There are several formulas that can be used to calculate compliance limits. The simple formula given in the previous paragraph that works well for sample sizes greater than 60[14] is that there are several operational definitions of „advisor reliability“ that reflect different views on what a reliable agreement is between advisors. [1] There are three operational definitions of agreements: there are a number of statistics that can be used to determine the reliability of inter-advisors. Different statistics are adapted to different types of measurement. Some options are the common probability of an agreement, Cohens Kappa, Scott`s pi and the Fleiss`Kappa associated with it, inter-rate correlation, correlation coefficient, intra-class correlation and Krippendorff alpha. Therefore, the common probability of an agreement will remain high, even in the absence of an „intrinsic“ agreement between the councillors. A useful interrater reliability coefficient (a) is expected to be close to 0 if there is no „intrinsic“ agreement and (b) increased if the „intrinsic“ agreement rate improves. Most probability-adjusted match coefficients achieve the first objective. However, the second objective is not achieved by many well-known measures that correct the odds. [4] If the number of categories used is small (z.B 2 or 3), the probability of 2 raters agreeing by mere coincidence increases considerably. This is because the two advisors must limit themselves to the limited number of options available, which affects the overall agreement rate, not necessarily their propensity to enter into an „intrinsic“ agreement (an agreement is considered „intrinsic“ if not due to chance). If advisors tend to accept, the differences between the evaluators` observations will be close to zero.

If one advisor is generally higher or lower than the other by a consistent amount, the distortion differs from zero. If advisors tend to disagree, but without a consistent model of one assessment above each other, the average will be close to zero. Confidence limits (generally 95%) It is possible to calculate for bias and for each of the limits of the agreement. Krippendorffs Alpha[16][17] is a versatile statistic that evaluates the agreement between observers who categorize, evaluate or measure a certain number of objects against the values of a variable. It generalizes several specialized agreement coefficients by accepting any number of observers applicable to nominal, ordinal, interval and proportional levels of measurement, capable of processing missing and corrected data for small sample sizes. Kappa is similar to a correlation coefficient, as it can`t exceed 1.0 or -1.0. Because it is used as a measure of compliance, only positive values are expected in most situations; Negative values would indicate a systematic disagreement. Kappa can only reach very high values if the two matches are good and the target condition rate is close to 50% (because it incorporates the base rate in the calculation of joint probabilities).

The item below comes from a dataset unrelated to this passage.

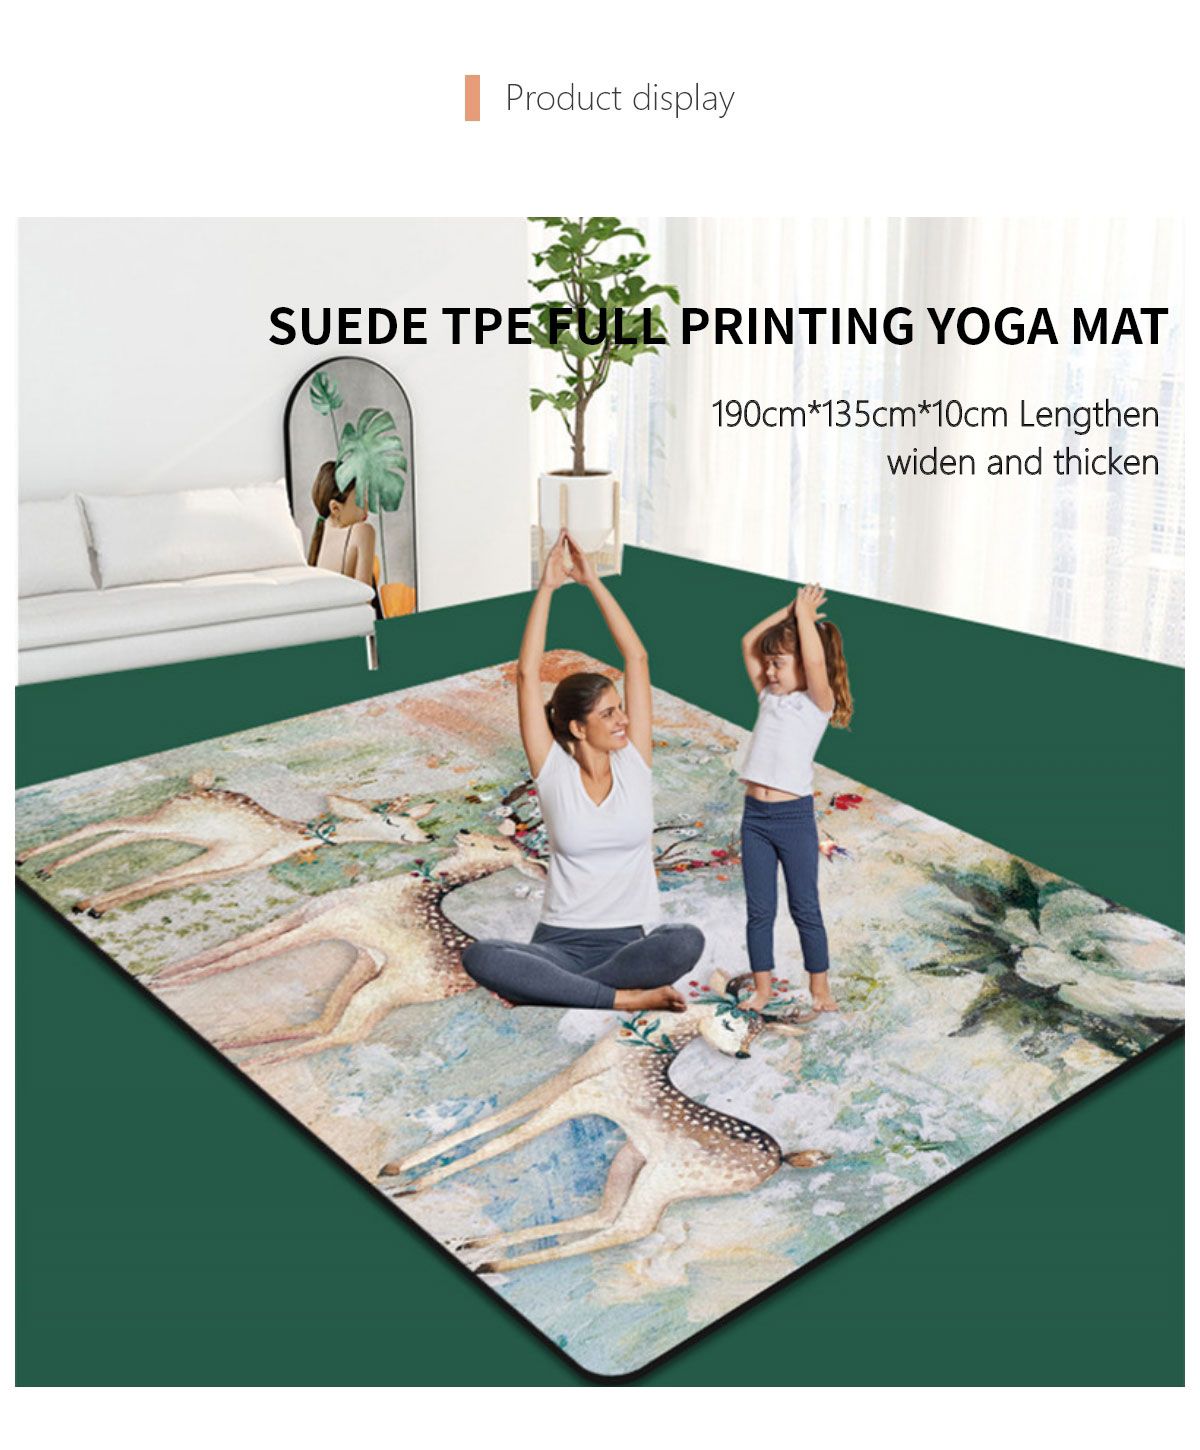 Suede Tpe Full Printing Yoga Mat

Several authorities have proposed „thumb rules“ to interpret the degree of the agreement, many of which coincide at the center, although the words are not identical. [8] [9] [10] [11] When comparing two measurement methods, it is interesting not only to estimate the bias and limitations of the agreement between the two methods (inter-counsel), but also to assess these characteristics for each method itself. It is quite possible that the agreement between two methods is bad simply because one method has broad convergence limits, while the other is narrow. In this case, the method with narrow limits of compliance would be statistically superior, while practical or other considerations could alter that assessment.